• _EXERCISE REQUIREMENTS_:
Find the line below with "10 x 3W 500V". Print it and every line after it exactly, through the last line, leaving out the pictures.

• _GIVEN MATERIAL_:
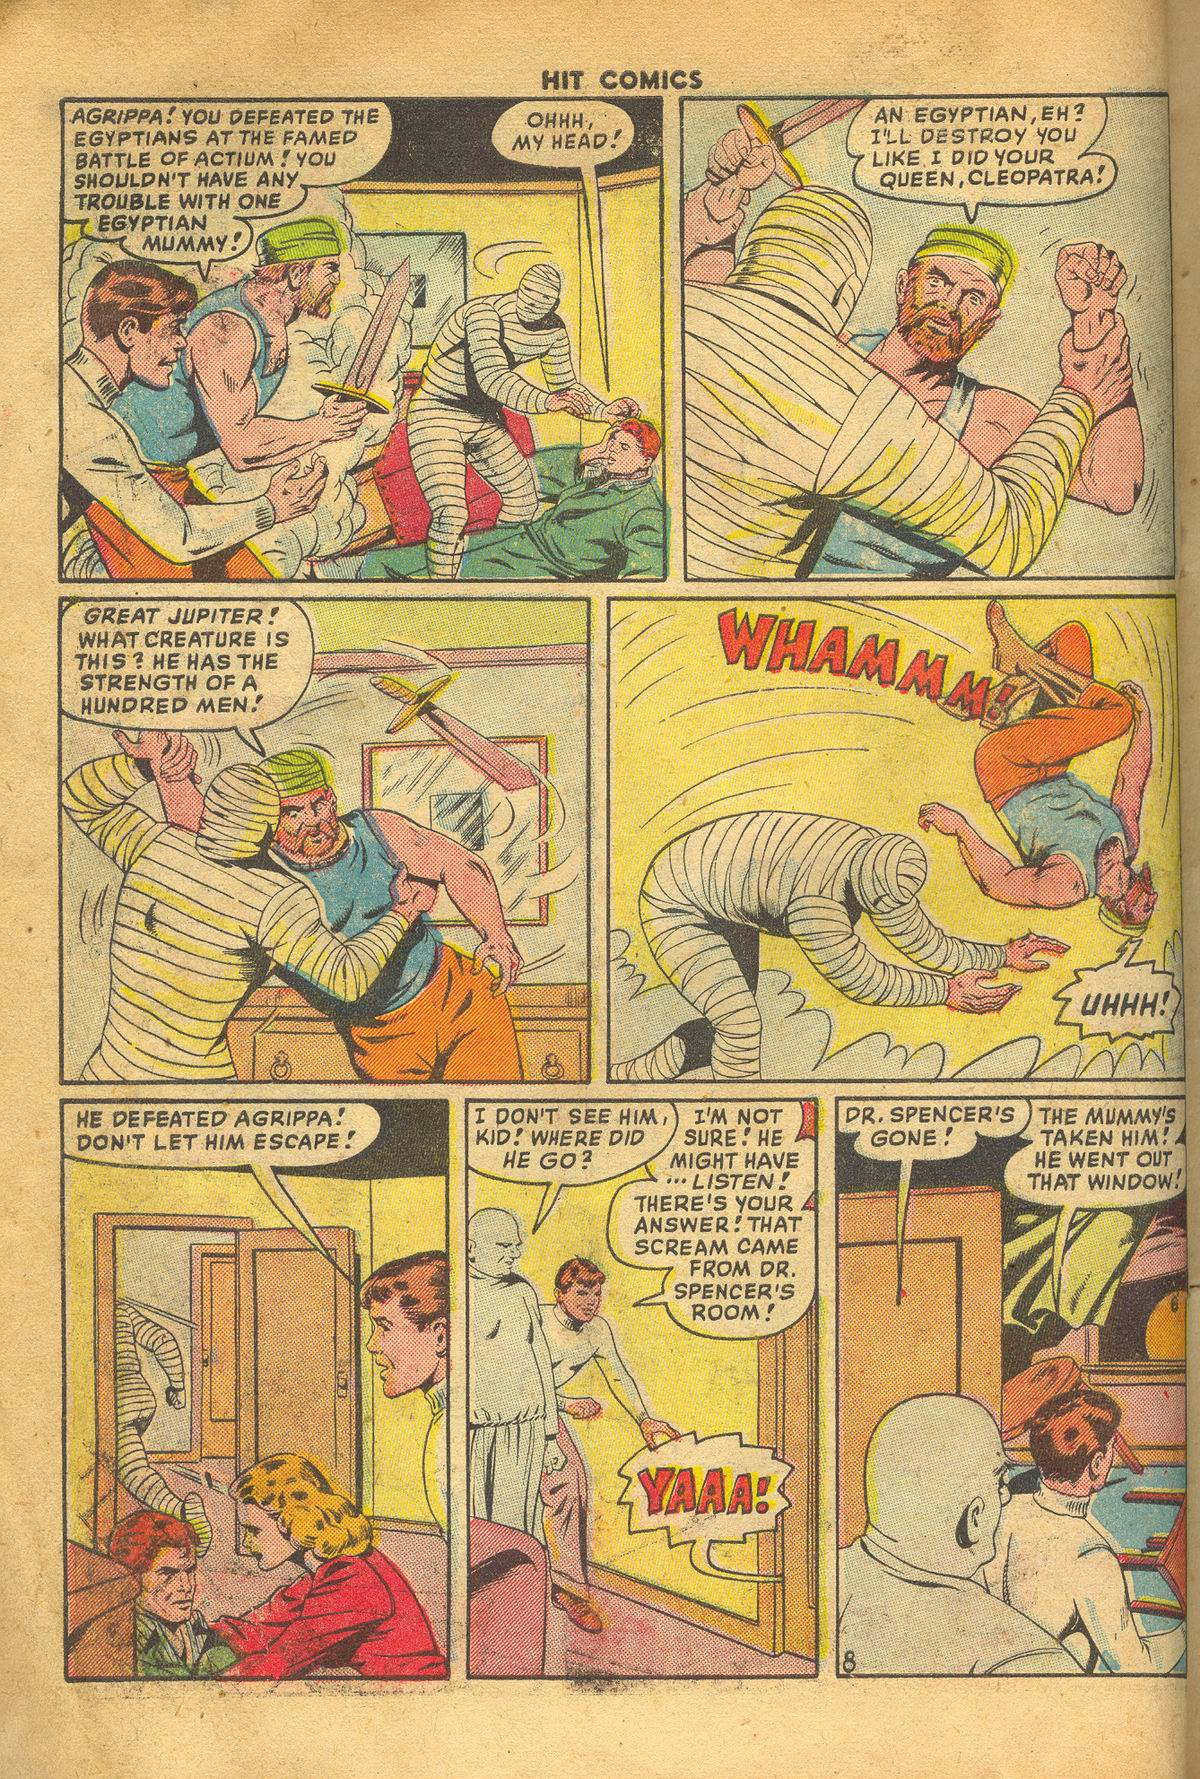 Read online Hit Comics comic -  Issue #60 - 10
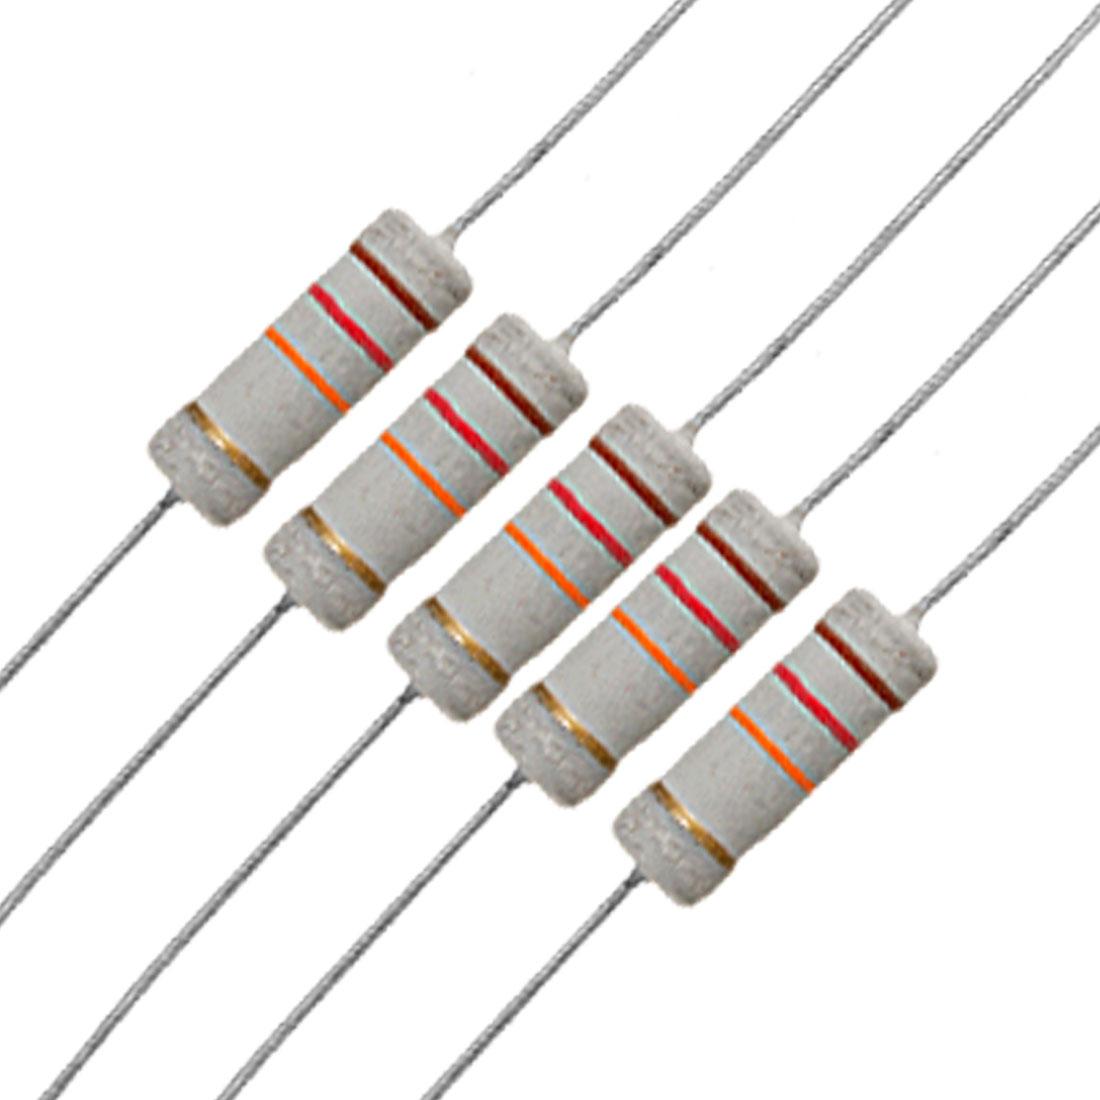 10 x 3W 500V 12K ohm 12KR Metal Oxide Film Resistors
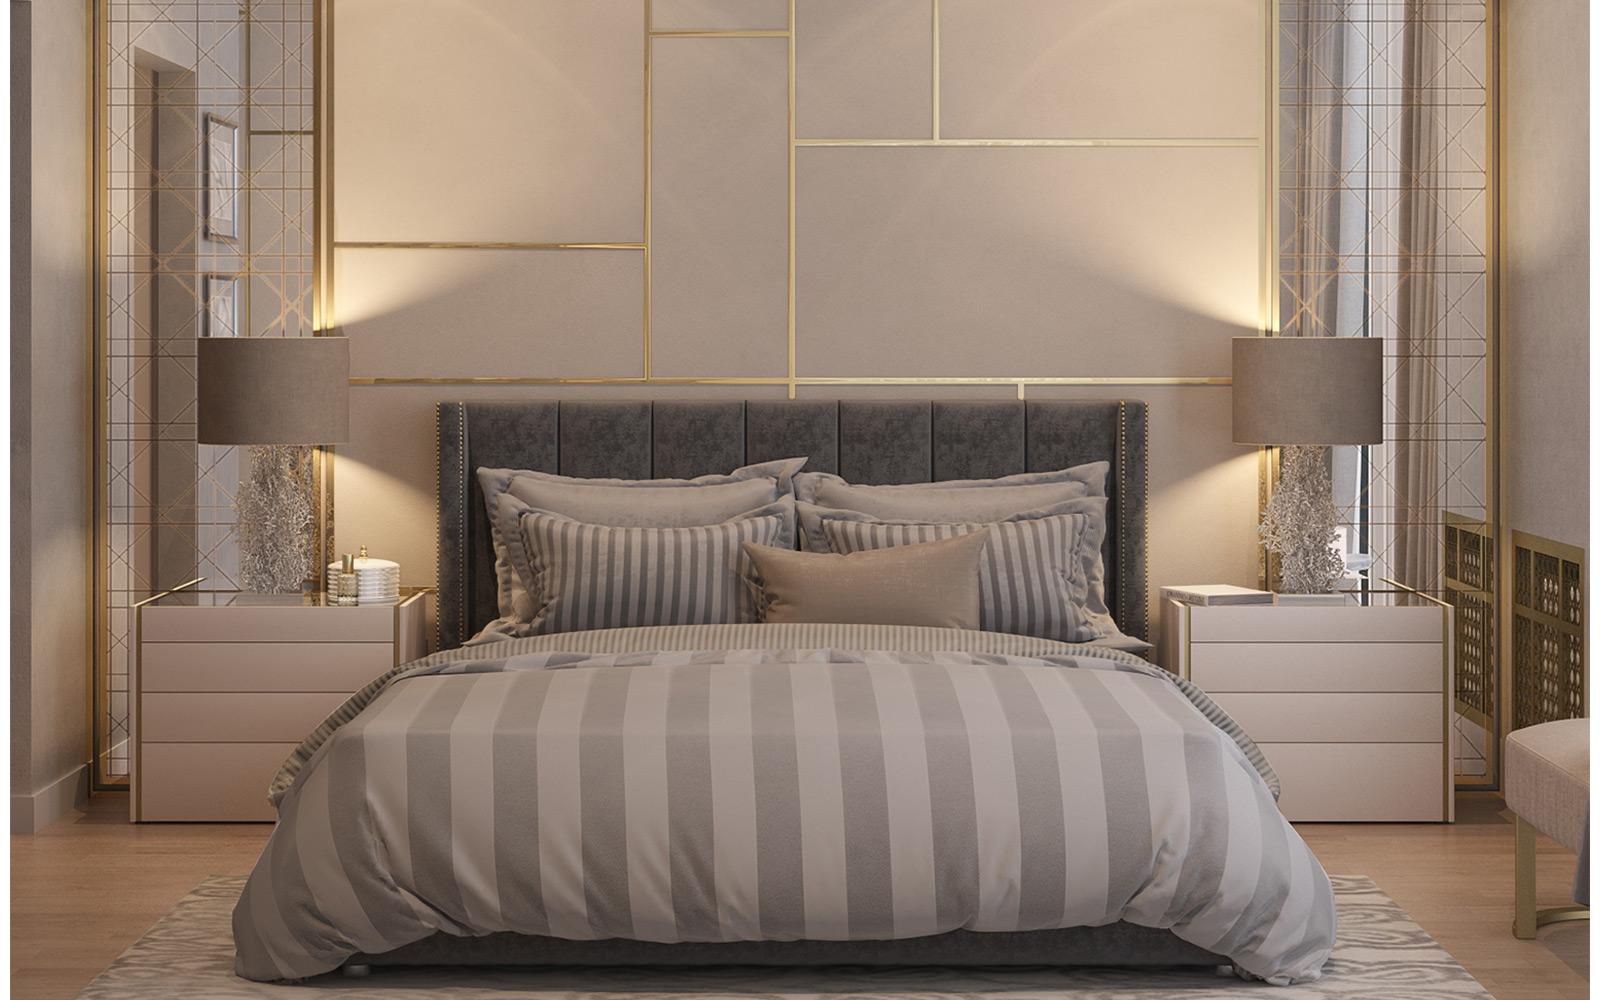 Vogue Design - Istanbul Yeni Moda Flat7
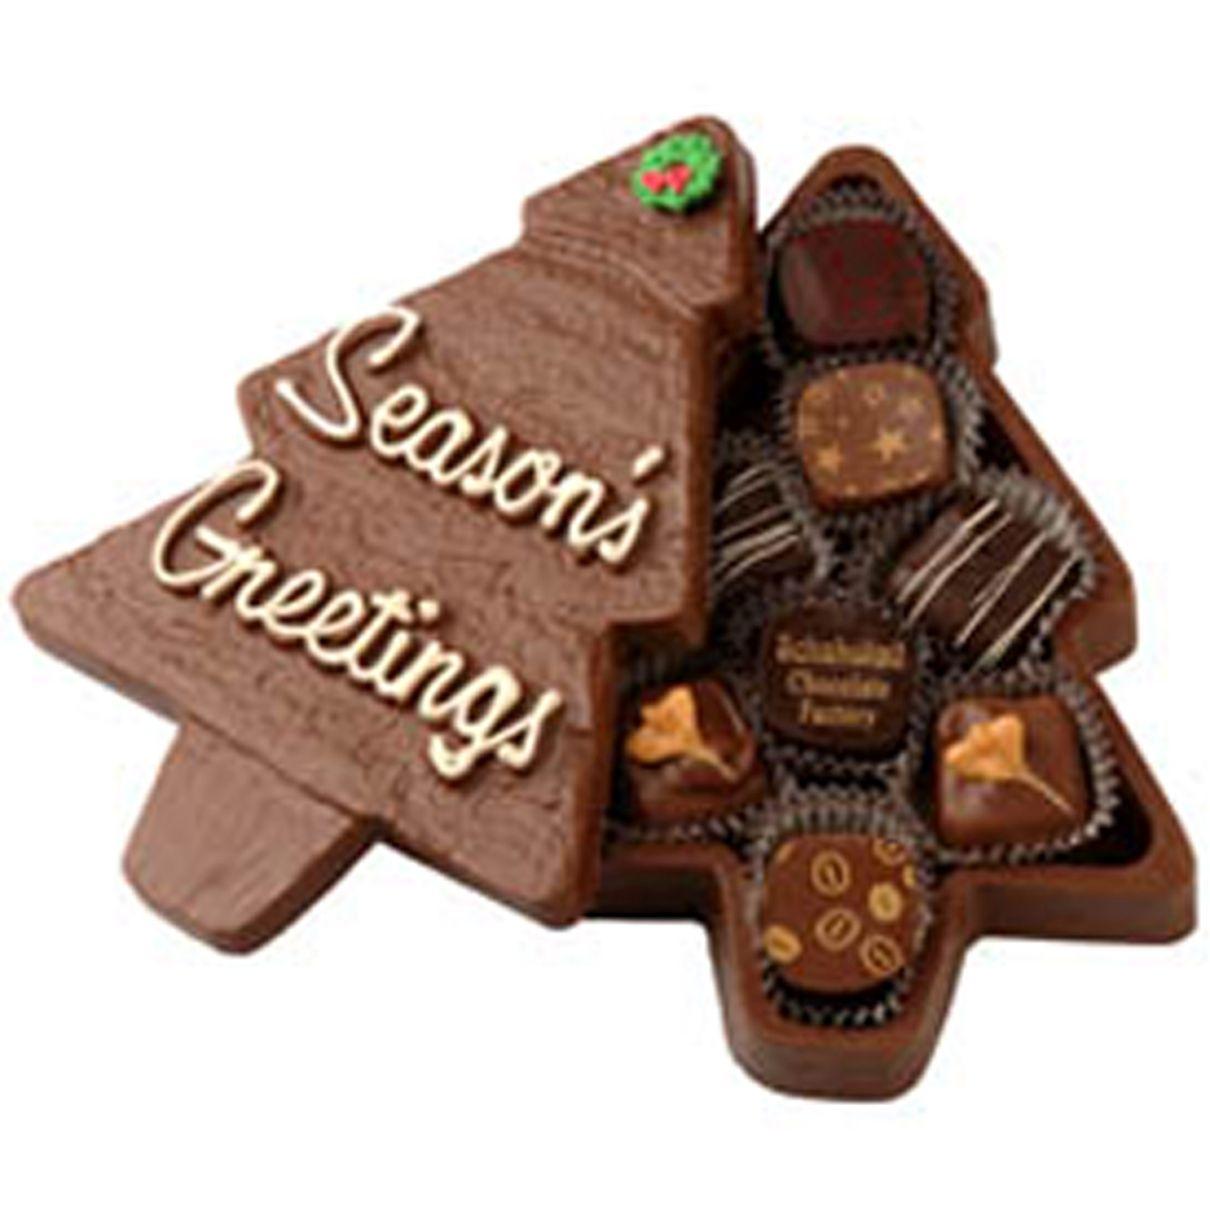 Happy Holidays! | CHOCOLATE Tees | Pinterest | Chocolate

• _OUTPUT OF THE TASK_:
 10 x 3W 500V 12K ohm 12KR Metal Oxide Film Resistors
 Vogue Design - Istanbul Yeni Moda Flat7
 Happy Holidays! | CHOCOLATE Tees | Pinterest | Chocolate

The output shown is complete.